### Exercise brief
The required output is the lines below from the line containing "Lashbrook CC5D13/METEORITE Cobalt" to the line containing "Buy Pg Girls", inclusive, retyped exactly. No other lines belong in it.

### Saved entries
----

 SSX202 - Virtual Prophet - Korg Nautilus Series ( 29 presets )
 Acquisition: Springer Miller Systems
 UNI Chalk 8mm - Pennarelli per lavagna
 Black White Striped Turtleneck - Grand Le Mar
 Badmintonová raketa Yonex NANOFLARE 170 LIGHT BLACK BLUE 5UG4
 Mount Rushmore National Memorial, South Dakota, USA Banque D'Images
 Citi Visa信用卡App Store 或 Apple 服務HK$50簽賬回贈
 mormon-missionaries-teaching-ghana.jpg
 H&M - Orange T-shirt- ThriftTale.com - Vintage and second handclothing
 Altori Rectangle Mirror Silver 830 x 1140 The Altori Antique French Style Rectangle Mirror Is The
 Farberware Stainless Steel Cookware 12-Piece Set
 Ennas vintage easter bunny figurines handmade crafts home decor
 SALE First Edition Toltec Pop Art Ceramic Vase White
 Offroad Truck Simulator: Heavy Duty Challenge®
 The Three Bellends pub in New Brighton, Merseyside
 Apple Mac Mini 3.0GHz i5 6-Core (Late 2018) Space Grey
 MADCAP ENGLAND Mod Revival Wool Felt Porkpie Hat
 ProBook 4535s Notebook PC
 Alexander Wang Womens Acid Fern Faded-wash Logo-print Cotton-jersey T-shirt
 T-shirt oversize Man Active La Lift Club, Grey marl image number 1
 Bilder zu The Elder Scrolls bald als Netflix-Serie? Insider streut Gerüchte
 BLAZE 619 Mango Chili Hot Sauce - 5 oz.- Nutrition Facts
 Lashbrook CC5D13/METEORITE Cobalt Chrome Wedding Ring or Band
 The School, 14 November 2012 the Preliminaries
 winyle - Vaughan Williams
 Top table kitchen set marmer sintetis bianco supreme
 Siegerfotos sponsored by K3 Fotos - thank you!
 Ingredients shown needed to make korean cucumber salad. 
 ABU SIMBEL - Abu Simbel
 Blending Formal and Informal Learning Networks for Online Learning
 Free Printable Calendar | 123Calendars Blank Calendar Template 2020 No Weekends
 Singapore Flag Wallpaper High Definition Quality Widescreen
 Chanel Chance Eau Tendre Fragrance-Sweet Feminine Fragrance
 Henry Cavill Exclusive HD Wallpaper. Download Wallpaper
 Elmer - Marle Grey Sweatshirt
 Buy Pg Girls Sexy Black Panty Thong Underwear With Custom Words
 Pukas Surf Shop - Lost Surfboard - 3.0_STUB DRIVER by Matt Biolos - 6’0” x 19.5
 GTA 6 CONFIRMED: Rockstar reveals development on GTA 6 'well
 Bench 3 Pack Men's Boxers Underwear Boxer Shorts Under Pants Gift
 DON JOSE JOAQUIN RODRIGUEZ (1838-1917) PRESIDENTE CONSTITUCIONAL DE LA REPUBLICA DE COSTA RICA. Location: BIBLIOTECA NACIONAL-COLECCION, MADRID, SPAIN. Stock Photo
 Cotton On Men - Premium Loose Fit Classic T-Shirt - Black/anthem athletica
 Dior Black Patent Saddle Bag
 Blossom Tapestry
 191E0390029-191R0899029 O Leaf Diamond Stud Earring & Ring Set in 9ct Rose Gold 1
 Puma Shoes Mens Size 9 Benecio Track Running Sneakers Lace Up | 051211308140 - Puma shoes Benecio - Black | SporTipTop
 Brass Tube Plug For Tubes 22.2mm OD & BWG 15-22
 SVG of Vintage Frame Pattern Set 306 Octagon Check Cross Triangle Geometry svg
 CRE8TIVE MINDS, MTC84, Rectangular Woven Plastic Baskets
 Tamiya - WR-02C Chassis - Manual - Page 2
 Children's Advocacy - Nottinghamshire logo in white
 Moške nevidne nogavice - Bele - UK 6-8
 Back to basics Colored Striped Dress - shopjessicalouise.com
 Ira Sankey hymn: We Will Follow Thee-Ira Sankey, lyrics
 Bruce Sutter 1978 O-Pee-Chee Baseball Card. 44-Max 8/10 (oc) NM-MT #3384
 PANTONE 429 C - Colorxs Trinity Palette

----

### Task output
 Lashbrook CC5D13/METEORITE Cobalt Chrome Wedding Ring or Band
 The School, 14 November 2012 the Preliminaries
 winyle - Vaughan Williams
 Top table kitchen set marmer sintetis bianco supreme
 Siegerfotos sponsored by K3 Fotos - thank you!
 Ingredients shown needed to make korean cucumber salad. 
 ABU SIMBEL - Abu Simbel
 Blending Formal and Informal Learning Networks for Online Learning
 Free Printable Calendar | 123Calendars Blank Calendar Template 2020 No Weekends
 Singapore Flag Wallpaper High Definition Quality Widescreen
 Chanel Chance Eau Tendre Fragrance-Sweet Feminine Fragrance
 Henry Cavill Exclusive HD Wallpaper. Download Wallpaper
 Elmer - Marle Grey Sweatshirt
 Buy Pg Girls Sexy Black Panty Thong Underwear With Custom Words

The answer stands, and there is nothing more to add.